I would like to mention the work of Nicky and Sila Lee, who run the marriage preparation course and the marriage course. I will also namecheck Jonathan and Andrea Taylor-Cummings of Soulmates Academy, which my hon. Friend the Member for Congleton mentioned. I commend them for their recent TED talk on this important subject and for their excellent work, particularly with employers. Many employers are beginning to realise that there is not a watertight seal between what happens at home and at work. Relationship distress and emotional distress at home have an unquestionable impact on performance and productivity at work.

We need the private sector to get a bit more engaged in the issue, because it is not just about the Government. Everyone always asks the Government to do everything, and while the Government have a role, employers and those in the private sector need to get with the programme and realise that they have a role to play too, alongside the community and the voluntary sector.

I will make a silly analogy that some colleagues will have heard before. I would guess that most of us in this Chamber own a car. It is the law that every year we have to give that car an MOT. We spend time and money taking it to the garage and having someone check under the bonnet so that the car is serviceable to go back on the road for another safe year’s motoring, which is the object of the exercise—and quite right, too. Should not our relationships and marriages have the same treatment? Are they not just as important?

I use the phrase “marriage MOT” or “relationship MOT”. Some people may have done a little preparation before getting married, but will that last a lifetime? In my own marriage, I have got into bad habits and have had to be corrected by my wife or by good friends.
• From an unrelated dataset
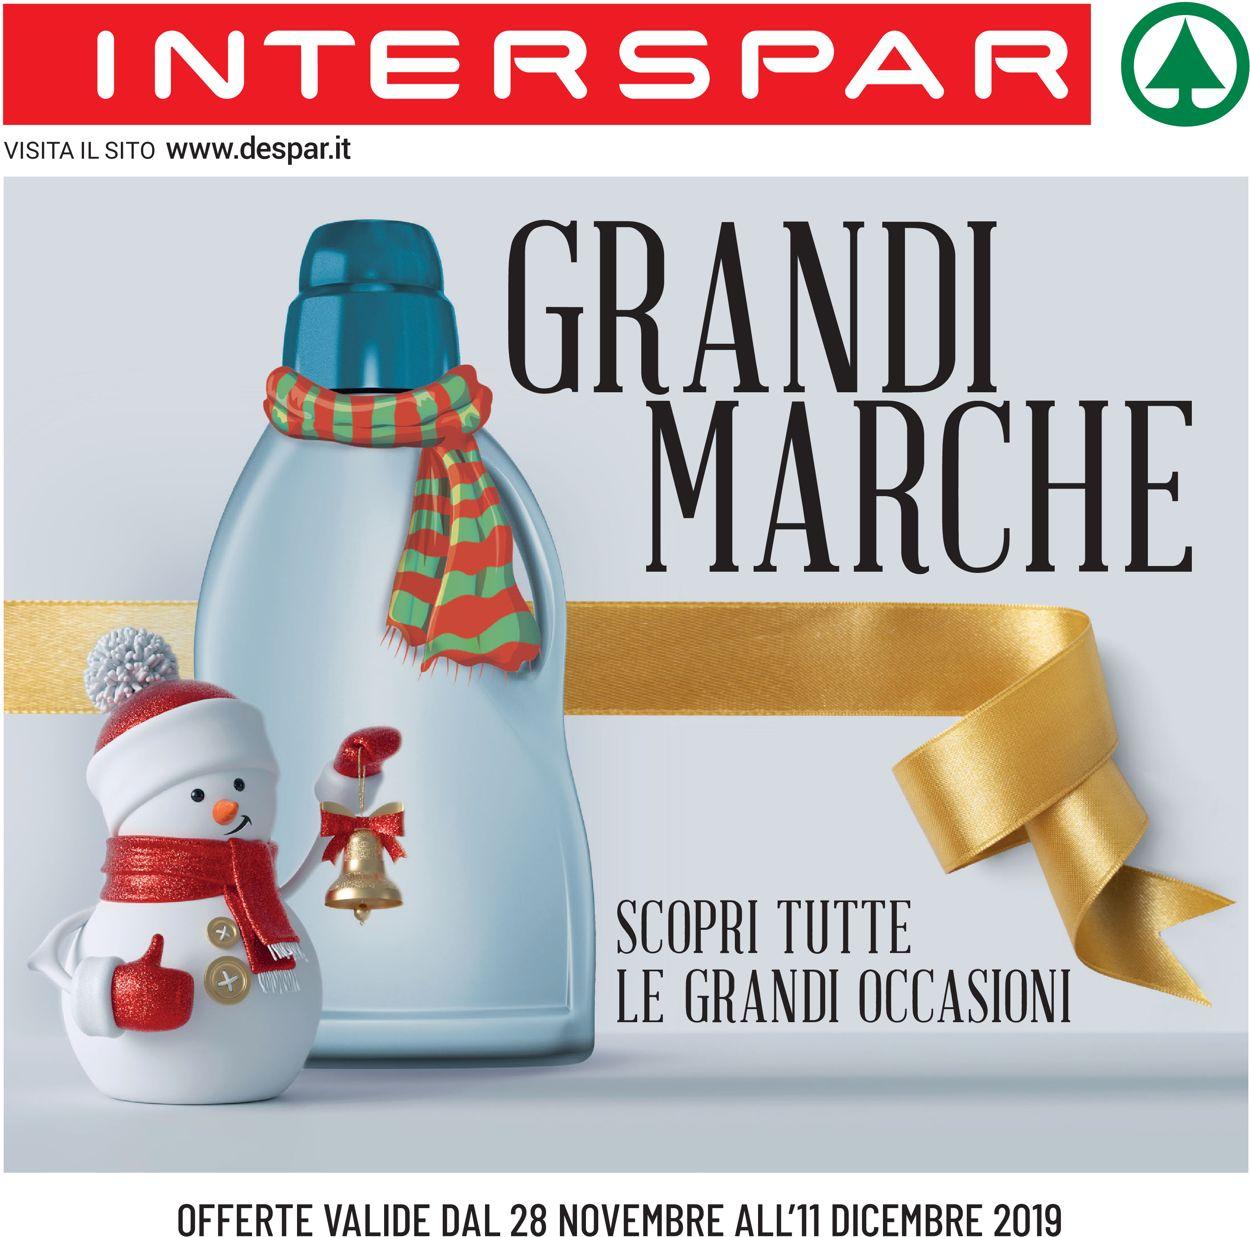 Volantino Interspar - Offerte 28/11-11/12/2019

I have gone on marriage MOTs from time to time with my wife and with other couples, and have found them helpful. We should try to make that more normal and mainstream. It is not just about therapy, but about something that all of us need: a little advice and assistance to get out of bad habits and maintain good ones. I am grateful to my hon. Friend the Member for Congleton for mentioning some of the practical things that are involved.

Research shows that the No. 1 reason why children present at child and adolescent mental health services is family relationship issues at home. The hon. Member for Strangford spoke about the huge growth—the epidemic—in children’s mental health issues, which can extend until they are university students. Recent studies have shown that a quarter of all young women at university and in their early 20s experience some form of mental health issue. Very often, family relationships are at the core of those issues.

I will conclude with a quotation from an excellent article by Ed West that appeared in The Spectator in December 2017. The Spectator is not a magazine that I read very regularly, but I commend the article to anyone who is interested. I will read out his final paragraph, because I found it so striking. On the subject of marriage, he writes:

“How much does the government care? The answer is not very much. About a decade ago, David Cameron said he’d be the most pro-marriage leader the Tories have had in his lifetime, but his enthusiasm cooled quickly.”

Actually, I think that the last Prime Minister did some good things in the area. I would have liked him to do more, but I think that that criticism is a little harsh. The article continues:

“Jeremy Corbyn is unlikely to be talking about family values, which is a shame because a true social justice warrior would be obsessed with this issue. Marriage is becoming a luxury item, a trend that is likely to cause ever-increasing inequality down the generations. Any government that is genuinely concerned about helping those at the bottom should think about what it could do to make marriage for the many, not the few”—

a phrase that perhaps the Labour party could think about. I think that those are powerful words on which to conclude my speech.